--- Recorded data ---
========================
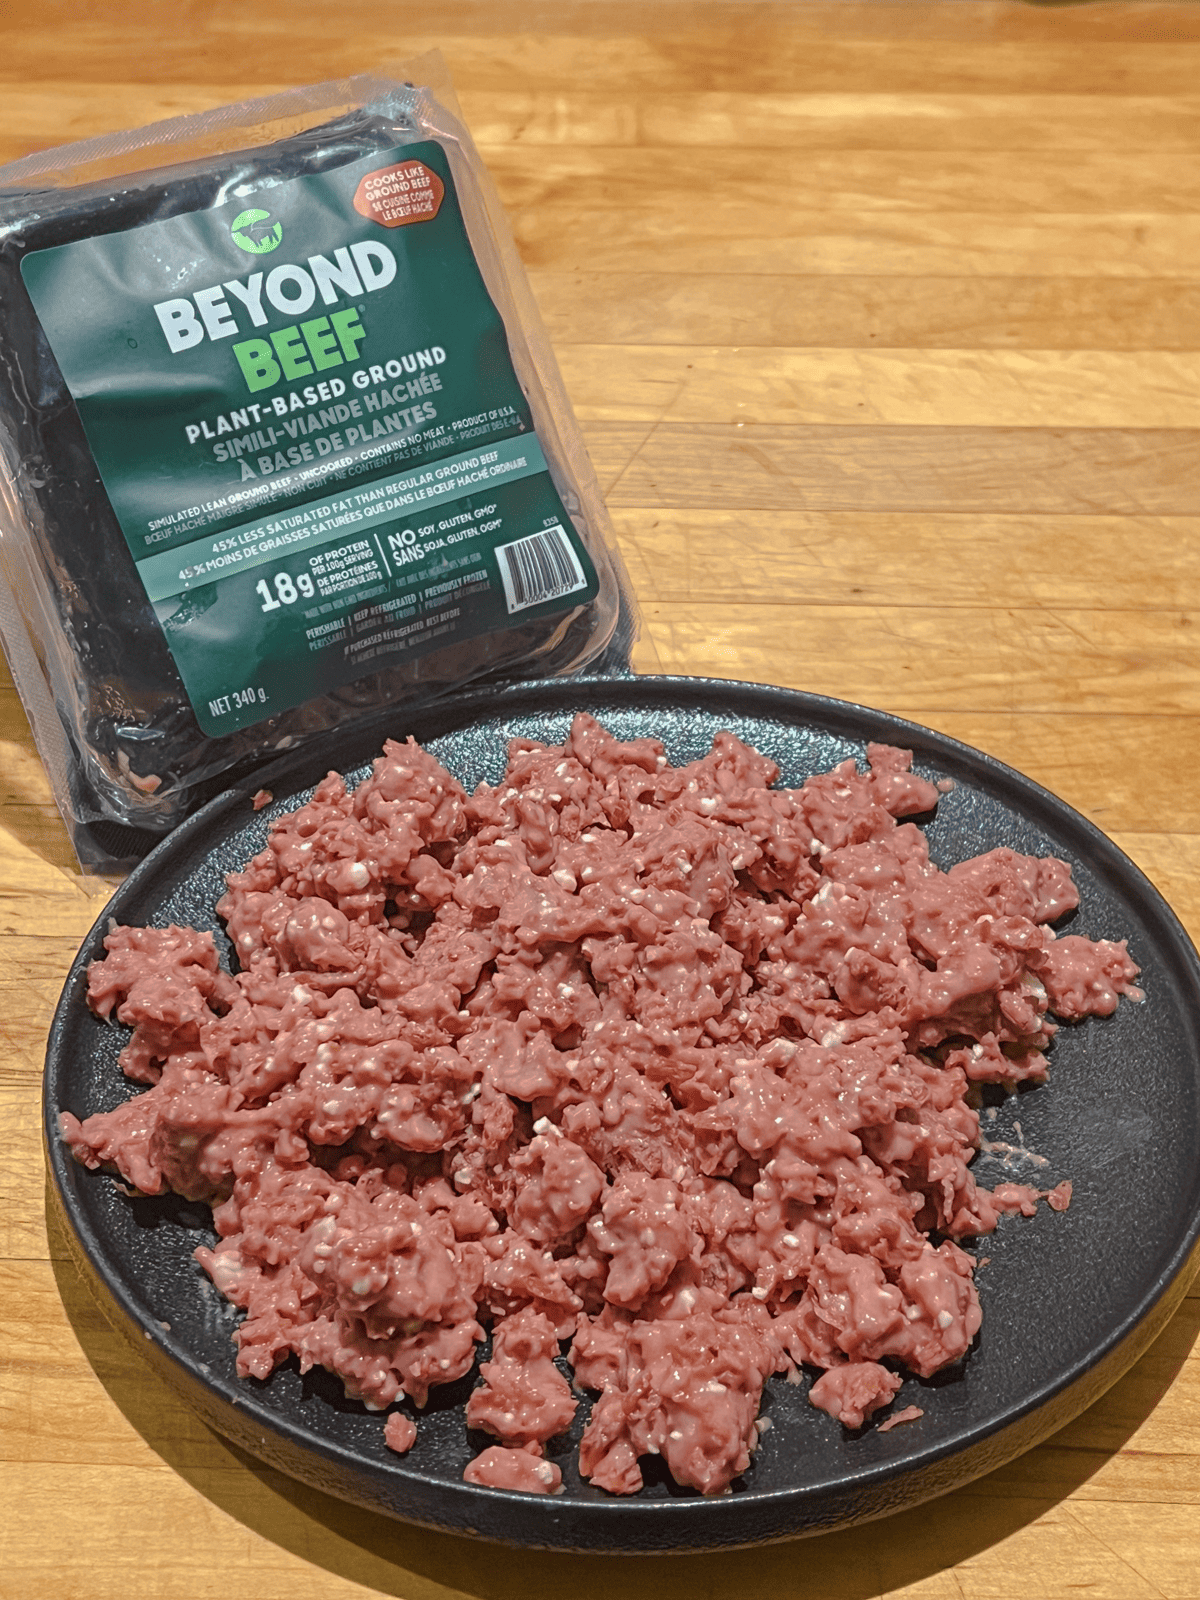 Beyond Beef package and contents on a black plate.
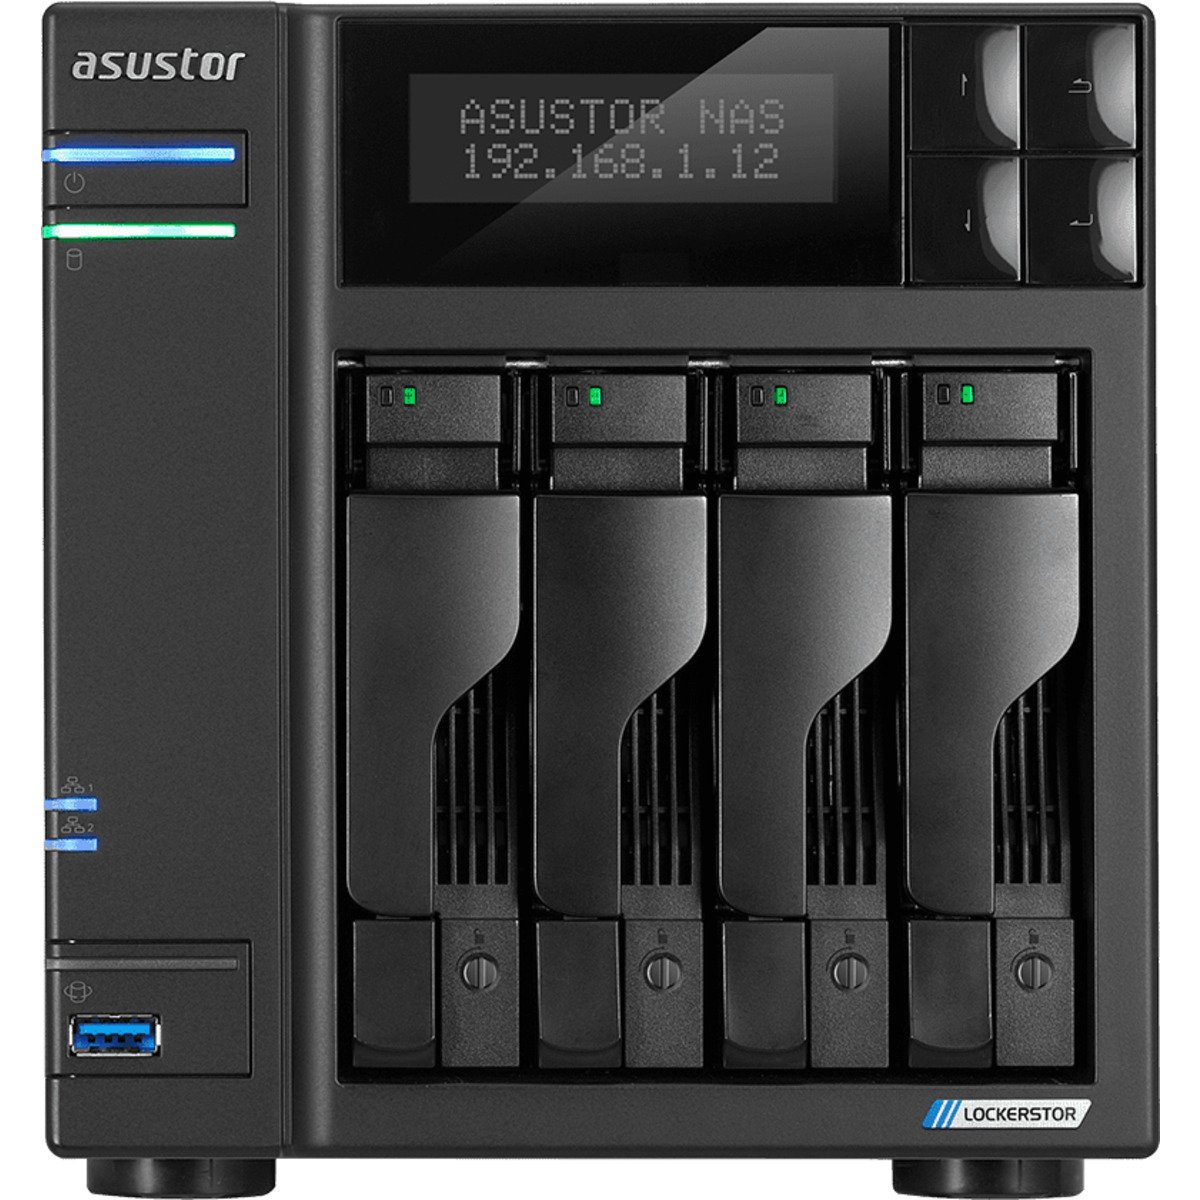 ASUSTOR AS6604T Lockerstor 4 48tb 4-Bay Desktop Multimedia / Power User / Business NAS - Network Attached Storage Device 4x12tb Seagate IronWolf Pro ST12000NT001 3.5 7200rpm SATA 6Gb/s HDD NAS Class Drives Installed - Burn-In Tested - ON SALE - FREE RAM UPGRADE AS6604T Lockerstor 4
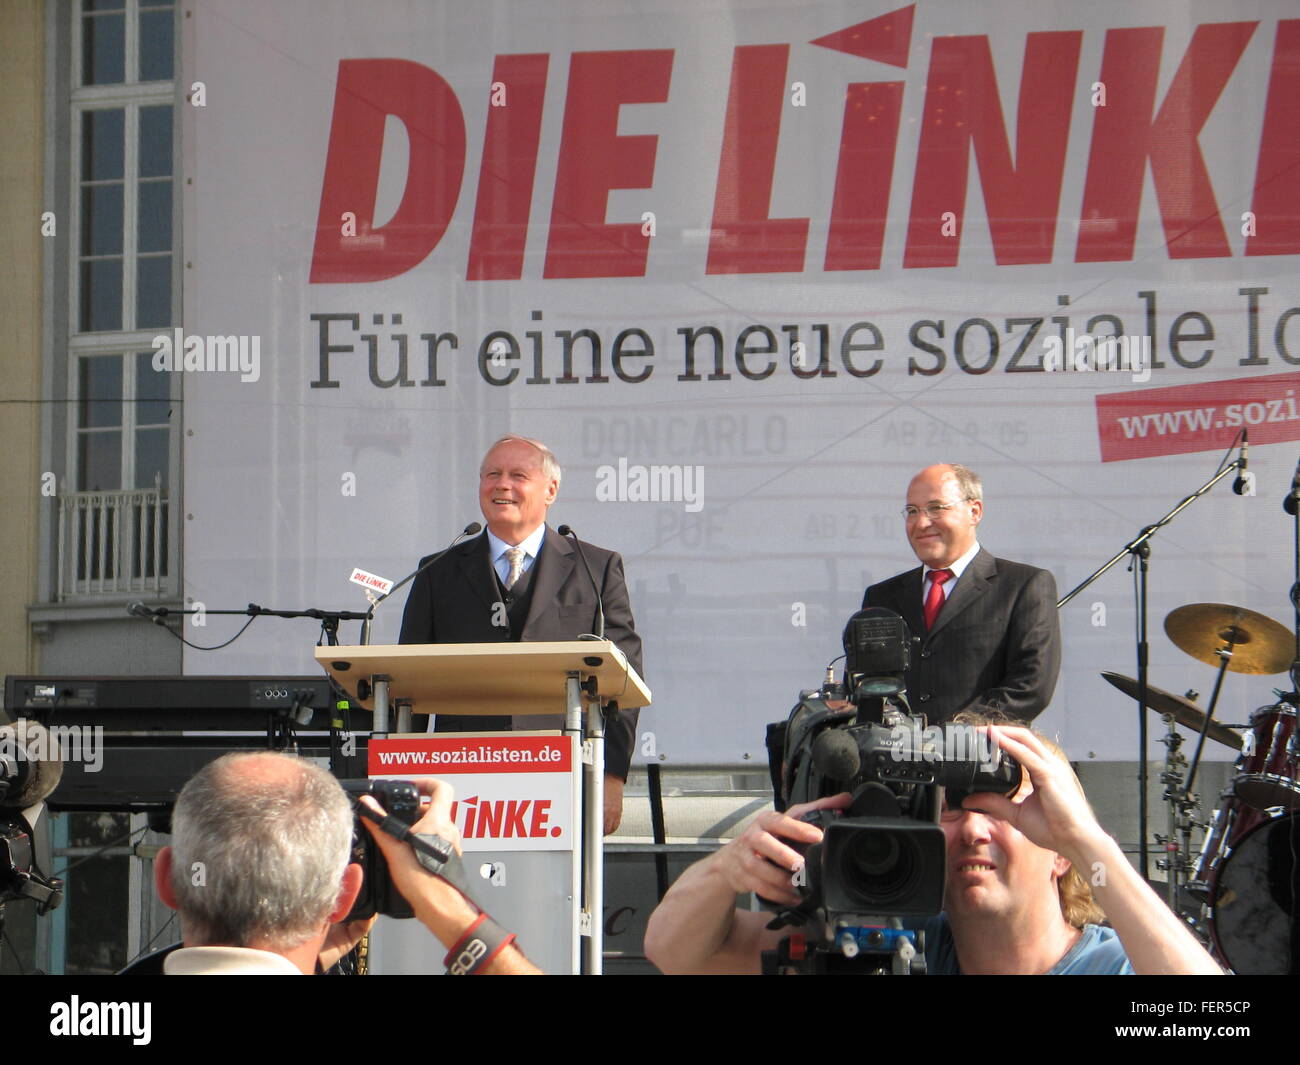 Oskar Lafontaine and Gregor Gysi from the German Party 'Die Linke', at the election 2005, in Saarbrücken, Germany Stock Photo
========================
--- Work to complete ---
Please transcribe the whole listing above exactly, with the images left out.

--- Exercise result ---
 Beyond Beef package and contents on a black plate.
 ASUSTOR AS6604T Lockerstor 4 48tb 4-Bay Desktop Multimedia / Power User / Business NAS - Network Attached Storage Device 4x12tb Seagate IronWolf Pro ST12000NT001 3.5 7200rpm SATA 6Gb/s HDD NAS Class Drives Installed - Burn-In Tested - ON SALE - FREE RAM UPGRADE AS6604T Lockerstor 4
 Oskar Lafontaine and Gregor Gysi from the German Party 'Die Linke', at the election 2005, in Saarbrücken, Germany Stock Photo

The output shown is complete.